After a long process of debugging (because almost no tools worked for this, being a setuid situation), I have figured out that keybase-mount-helper segfaults very early on in execution if LD_LIBRARY_PATH, and likely other environment variables that could cause security problems, are set at all.
My first thought is unsetting LD_LIBRARY_PATH and anything else that breaks in run_keybase before starting keybase-mount-helper, but I worry that this might break other things, or else I'd try to make a PR.
@mystfox Thanks for helping track this down! Unfortunately, I can't seem to repro on Ubuntu 16.04:
$ LD_LIBRARY_PATH=/tmp/ keybase-mount-helper
$ echo $?
0
I know $LD_LIBRARY_PATH is probably ignored for setuid programs. Are your shared libraries in an unusual location maybe? This is what they look like on my system:
$ ldd `which keybase-mount-helper`
linux-vdso.so.1 => (0x00007ffd3eea7000)
libpthread.so.0 => /lib/x86_64-linux-gnu/libpthread.so.0 (0x00007f6a51a1f000)
libc.so.6 => /lib/x86_64-linux-gnu/libc.so.6 (0x00007f6a51655000)
/lib64/ld-linux-x86-64.so.2 (0x00007f6a51c3c000)
Hmm, this is very weird. So, I'm on ArchLinux (using the keybase-bin package from the AUR, so your binaries, still). I tried this in a Docker image of 16.04 and still had it segfault. ldd didn't show anything unusual, on Arch or in the container. I spun up a droplet on DO to test (was quicker than trying to setup a VM) and I saw the behaviour you were seeing there. I'm not entirely sure what to think of this.
...Actually, I think it is very likely related to kernels - as somewhat hinted at by the container version still segfaulting. I had a droplet that had Linux fox 4.14.15-1-ARCH #1 SMP PREEMPT Tue Jan 23 21:49:25 UTC 2018 x86_64 GNU/Linux for uname -a, though a new kernel version had been installed, and it worked fine, no segfaults. I rebooted, uname -a was now Linux fox 4.15.1-2-ARCH #1 SMP Sun Feb 4 22:27:45 UTC 2018 x86_64 GNU/Linux, and LD_LIBRARY_PATH=/tmp keybase-mount-helper now segfaults. So it's likely either 4.15 or new patches for it Arch added?
(My guess would be it's 4.15, and perhaps to do with mitigations for Meltdown/Spectre, but that's only a guess.)
Weeeird. For the record I'm at 4.4.0-112-generic #135-Ubuntu SMP Fri Jan 19 11:48:36 UTC 2018 x86_64 x86_64 x86_64 GNU/Linux.
I'm inclined to leave this issue open for a while and see if others start having the same problem before doing anything to fix it. As you say, we could just unset it, but I'd like to figure out a bit more about what is the underlying problem and whether that's really a safe thing to do in all cases...
Mmm. keybase/keybase-issues#3176 looks like it could be this, for one.
Another thing to note: I have tried taking a few simple executables and doing chown+setuid on them, like true or echo. They both worked just fine when setuid and I have a LD_LIBRARY_PATH. I've tried a few different programs from the current contents of my ~/go/bin. Some of them have segfaulted and some have not. So there might be a specific go library or something that is the problem?

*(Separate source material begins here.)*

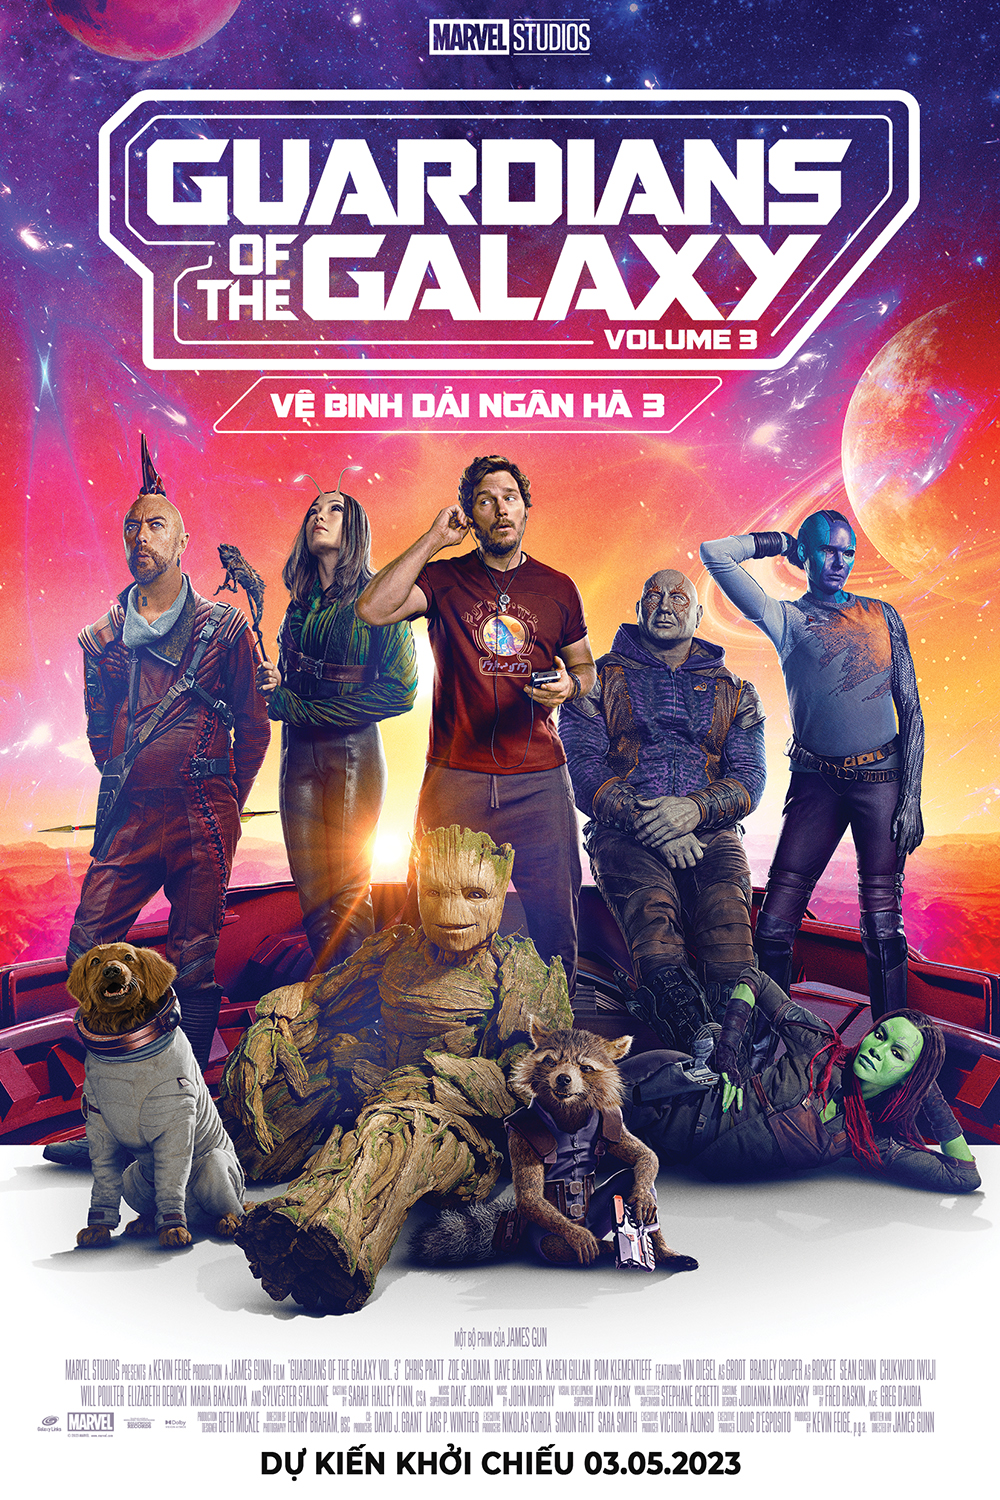 Chris Pratt phim mới: Vệ binh dải ngân hà 3 - Guardians of the Galaxy Vol. 3 (2023)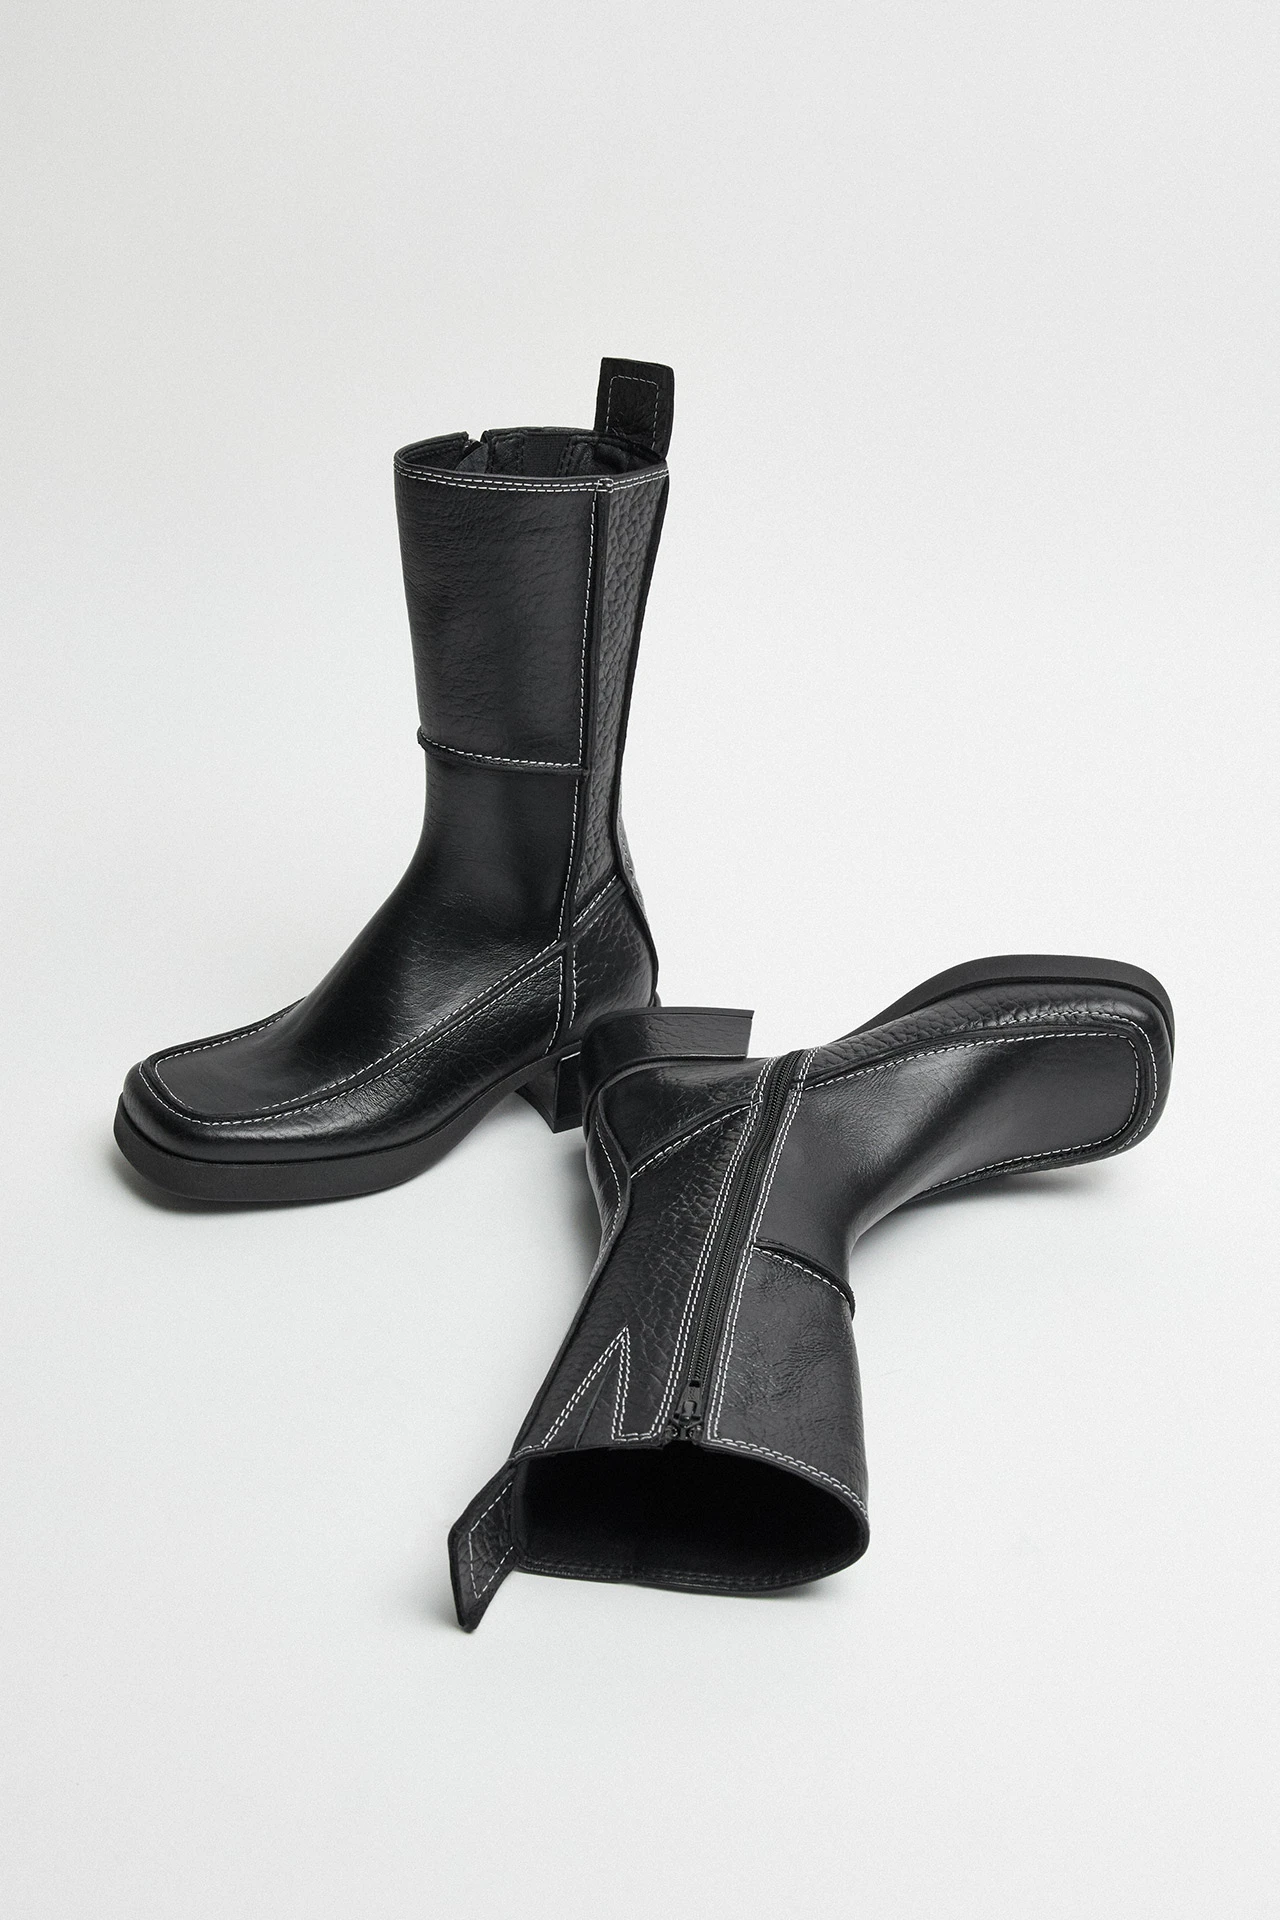 Miista-alzira-black-boots-02

And as for if it's really a safe thing to just unset it... well, Nix/NixOS immediately comes to mind, for one (not something officially supported, I don't think, but it's an example of when it could be important, even with the few libraries needed here.
Okay, so. I've been digging at this even more, with the help of some others. While all my attempts to get a strace or coredump or something of it segfaulting have failed, there's enough to start digging from that side, still, from the kernel log message. Error 15 means it's a protection fault, read, userspace address, and instruction fetch, and both the segfault and the ip are at ffffffffff600000, which turns out to be the vsyscall page. Looking at https://git.archlinux.org/svntogit/packages.git/commit/trunk?h=packages/linux&id=9998d4fe8026c686abe8db9d9c5941d3936af3de , it seems that vsyscall emulation was disabled in Arch's kernel config at the same time as the move to 4.15 - hence going from 4.14 to 4.15 being part of this.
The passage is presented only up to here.